What is the bioavailability of morroniside and does it absorb well?

Morroniside has poor oral bioavailability, measured at only 3.6–7.0% in rat pharmacokinetic studies, meaning the vast majority of an oral dose does not reach systemic circulation intact. Intestinal absorption is pH-dependent and partially limited by efflux transporters including multidrug resistance proteins and breast cancer resistance protein (BCRP), with apparent permeability coefficients of 1.59–2.66 × 10⁻⁶ cm/s in Caco-2 cell models; no human pharmacokinetic data are currently available.

What is the recommended dosage of morroniside for humans?

No standardized human dosage has been established for isolated morroniside, as clinical trials in humans have not yet been conducted.
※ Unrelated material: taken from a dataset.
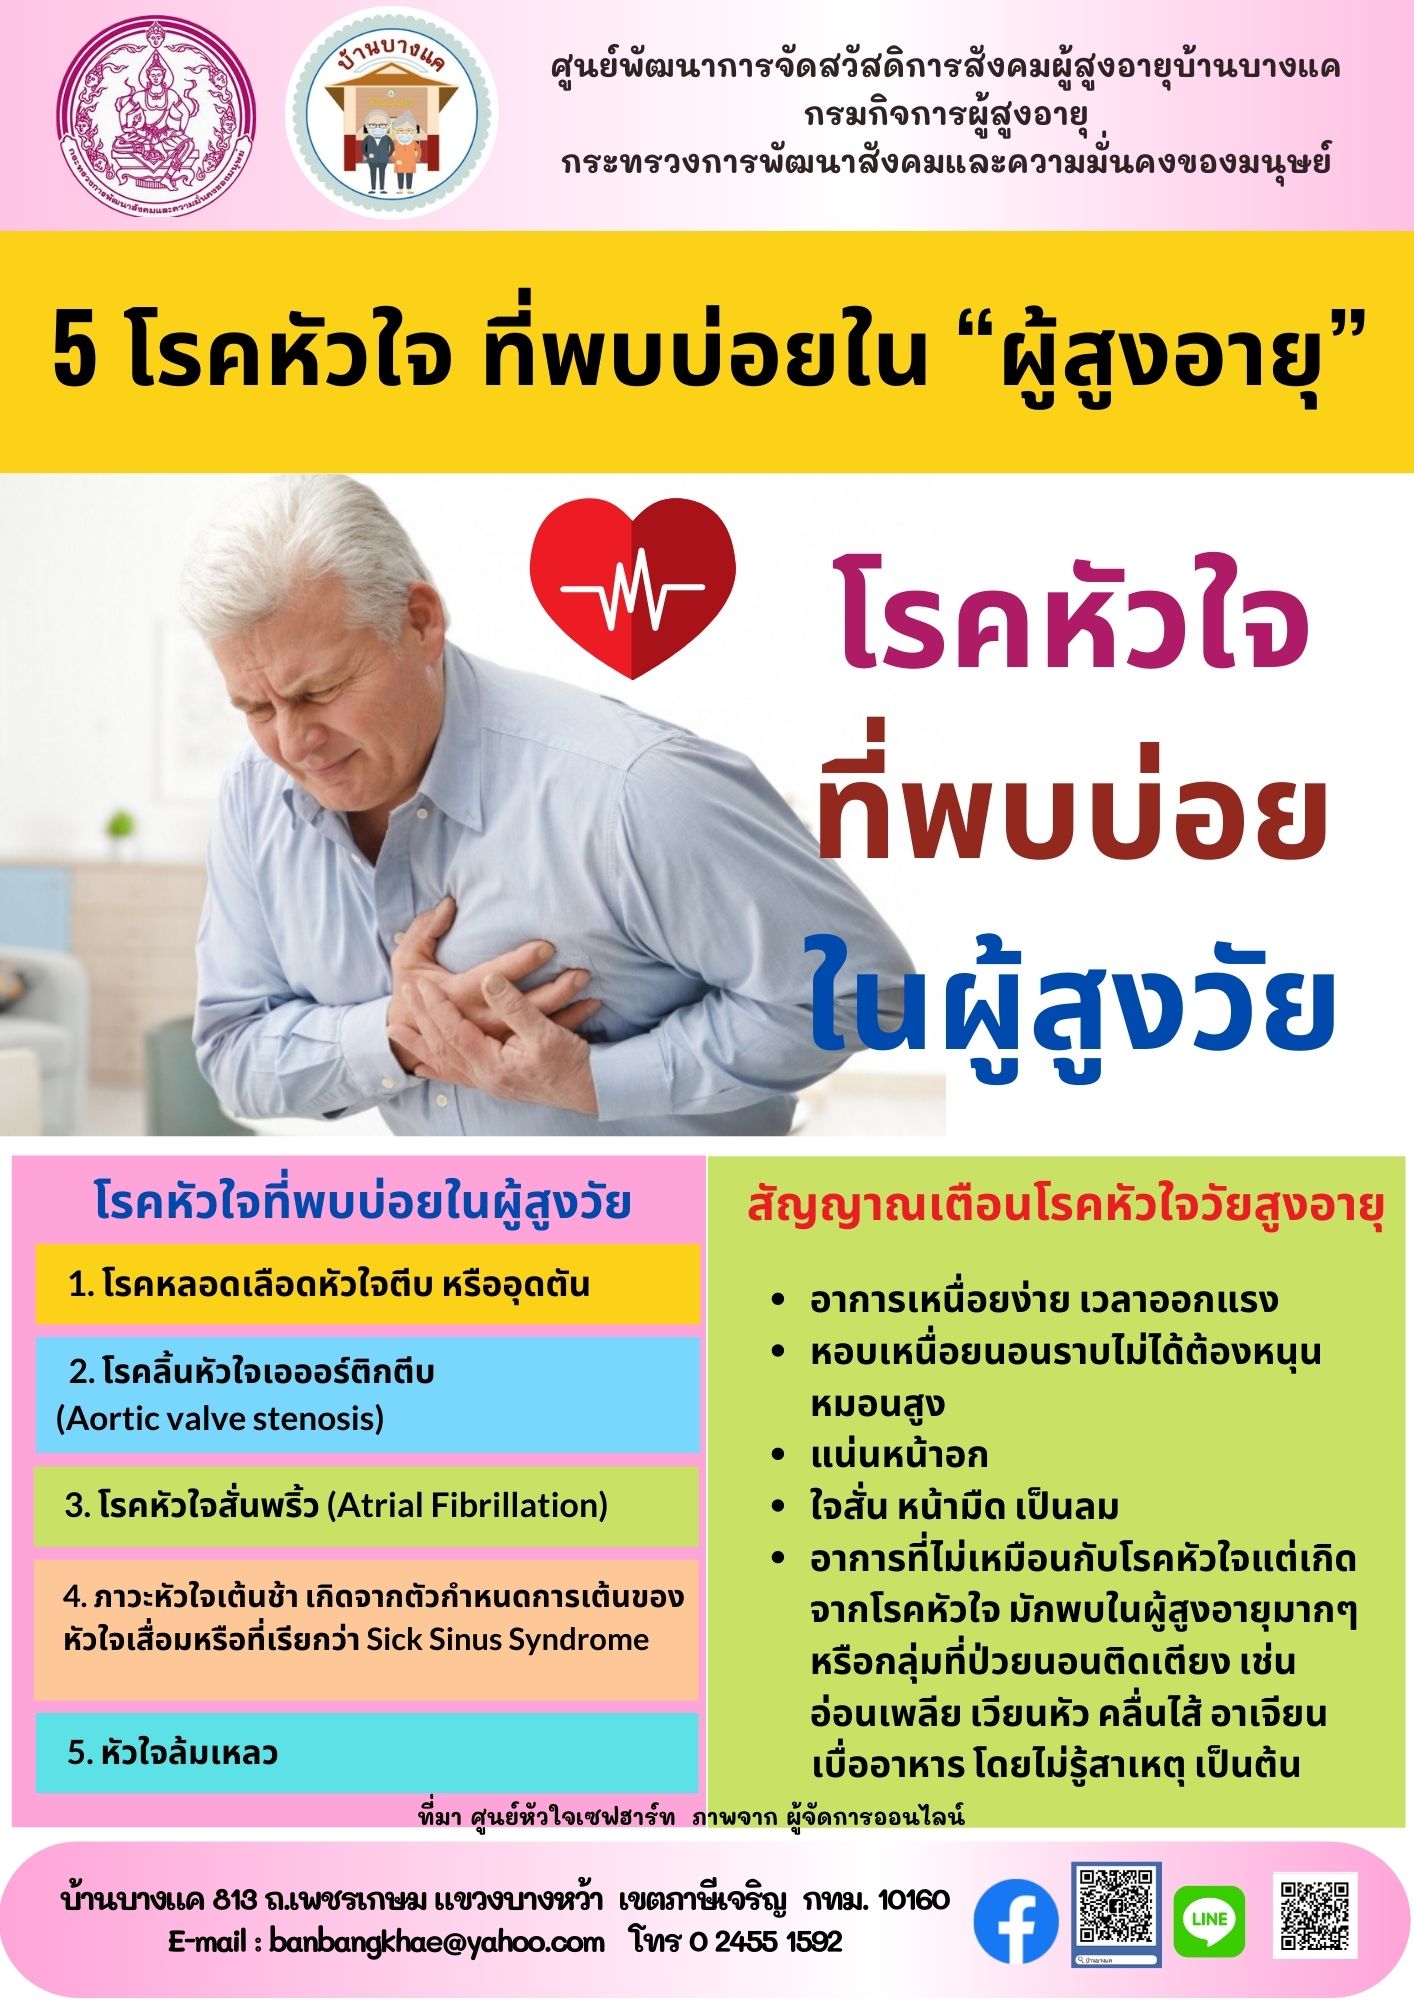 5 โรคหัวใจ ที่พบบ่อยใน E-library เดือนมกราคม 2565

Animal studies have used doses of 90–270 mg/kg body weight, which cannot be directly extrapolated to human supplementation without allometric scaling, safety studies, and clinical validation; morroniside is most commonly consumed as part of traditional Cornus officinalis preparations such as Liuwei Dihuang pills, where dosage is determined by traditional formulation guidelines under practitioner supervision.

Does morroniside help protect kidney health in people with diabetes?
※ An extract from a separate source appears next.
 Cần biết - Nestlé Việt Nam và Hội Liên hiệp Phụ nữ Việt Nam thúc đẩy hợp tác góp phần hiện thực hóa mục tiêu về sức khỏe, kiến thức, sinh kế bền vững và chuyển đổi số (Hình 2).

Research in diabetic mouse models shows that morroniside reduces kidney damage by suppressing oxidative stress and preventing the buildup of harmful proteins called advanced glycation end products (AGEs). It works by modulating proteins that regulate fat metabolism in kidney cells and blocking inflammatory pathways. While these findings are promising, human clinical trials are still needed to confirm whether morroniside offers similar renoprotective benefits in diabetic patients.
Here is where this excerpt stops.